What I’m shooting for is taking some unlabelled images, then using weak labelling to “tell” a deep net roughly where the objects of interest are (along with their labels), so that I can use that spatial information to train a classifier. The papers tend to concentrate on the first half of that problem. I guess my overall weak supervision + classification problem is a weak object detection problem bootstrapping a classification problem - but I’m not quite sure how best to combine those: just using a detection/segmentation net trained by weak supervision to generate input for a classification net? Or combining the two in one network, perhaps? Hints appreciated.

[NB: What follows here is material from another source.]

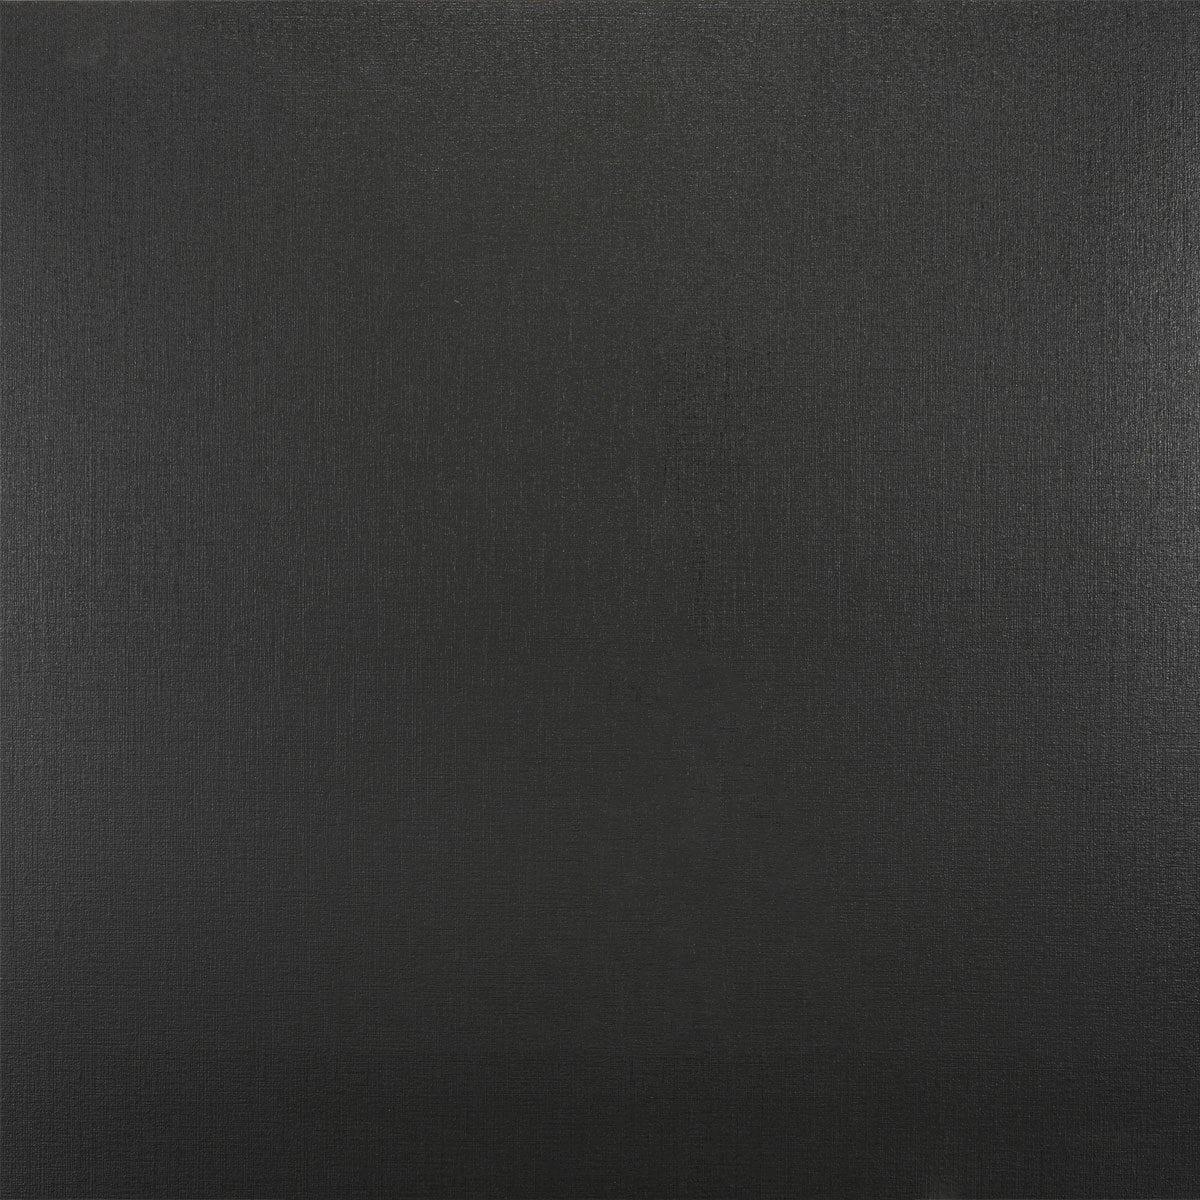 COSMOPOLITAN BLACK T10494 P1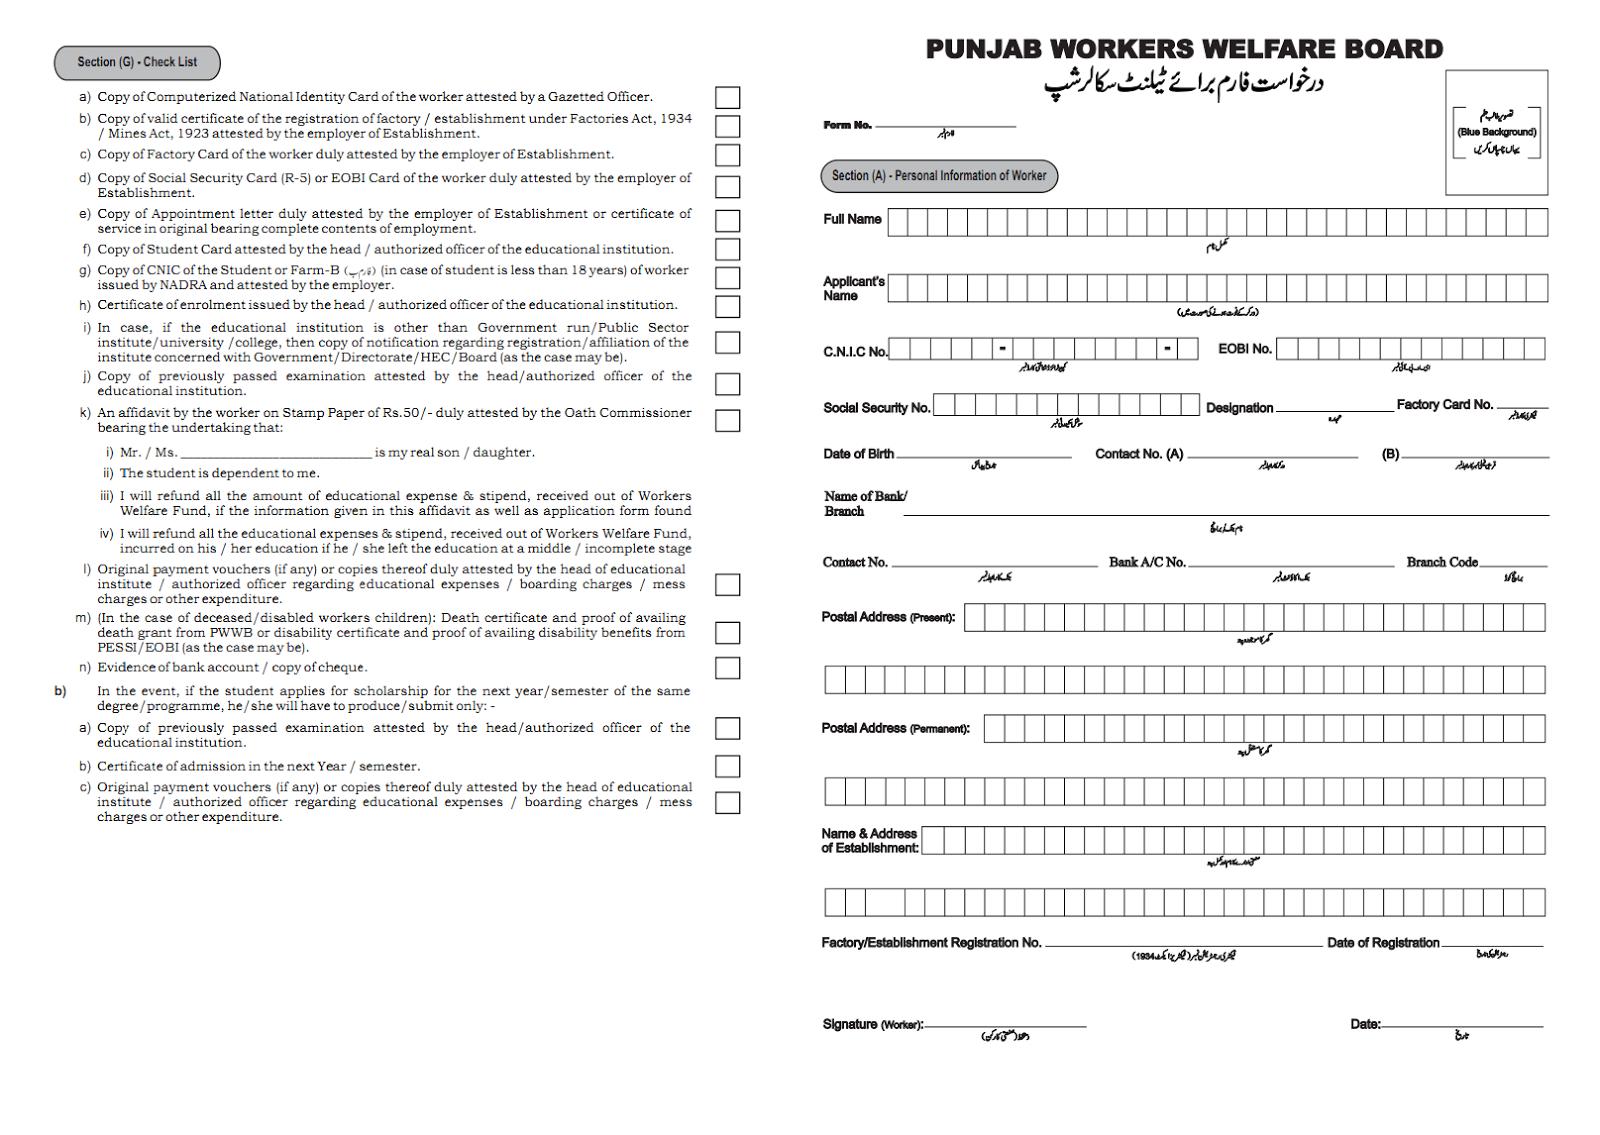 PUNJAB WORKERS WELFARE BOARD PAKISTAN TALLENT SCHOLARSHIP FORMS – Scholarship Form

To give the general idea re weak supervision, here’s the abstract from “We don’t need no bounding boxes”:

Training object class detectors typically requires a large set of images in which objects are annotated by bounding-boxes. However, manually drawing bounding-boxes is very time consuming. We propose a new scheme for training object detectors which only requires annotators to verify bounding-boxes produced automatically by the learning algorithm. Our scheme iterates between re-training the detector, re-localizing objects in the training images, and human verification. We use the verification signal both to improve re-training and to reduce the search space for re-localisation, which makes these steps different to what is normally done in a weakly supervised setting. Extensive experiments on PASCAL VOC 2007 show that (1) using human verification to update detectors and reduce the search space leads to the rapid production of high-quality bounding-box annotations; (2) our scheme delivers detectors performing almost as good as those trained in a fully supervised setting, without ever drawing any bounding-box; (3) as the verification task is very quick, our scheme substantially reduces total annotation time by a factor 6x-9x.

Here are some examples:

We don’t need no bounding boxes

Training object class detectors with click supervision

https://github.com/abearman/whats-the-point1 / http://arxiv.org/abs/1506.02106

Unfortunately few of these schemes have open source implementations, and I probably need to play around a lot more with easier tasks before I dive into implementing something like “We don’t need no bounding boxes” from the paper…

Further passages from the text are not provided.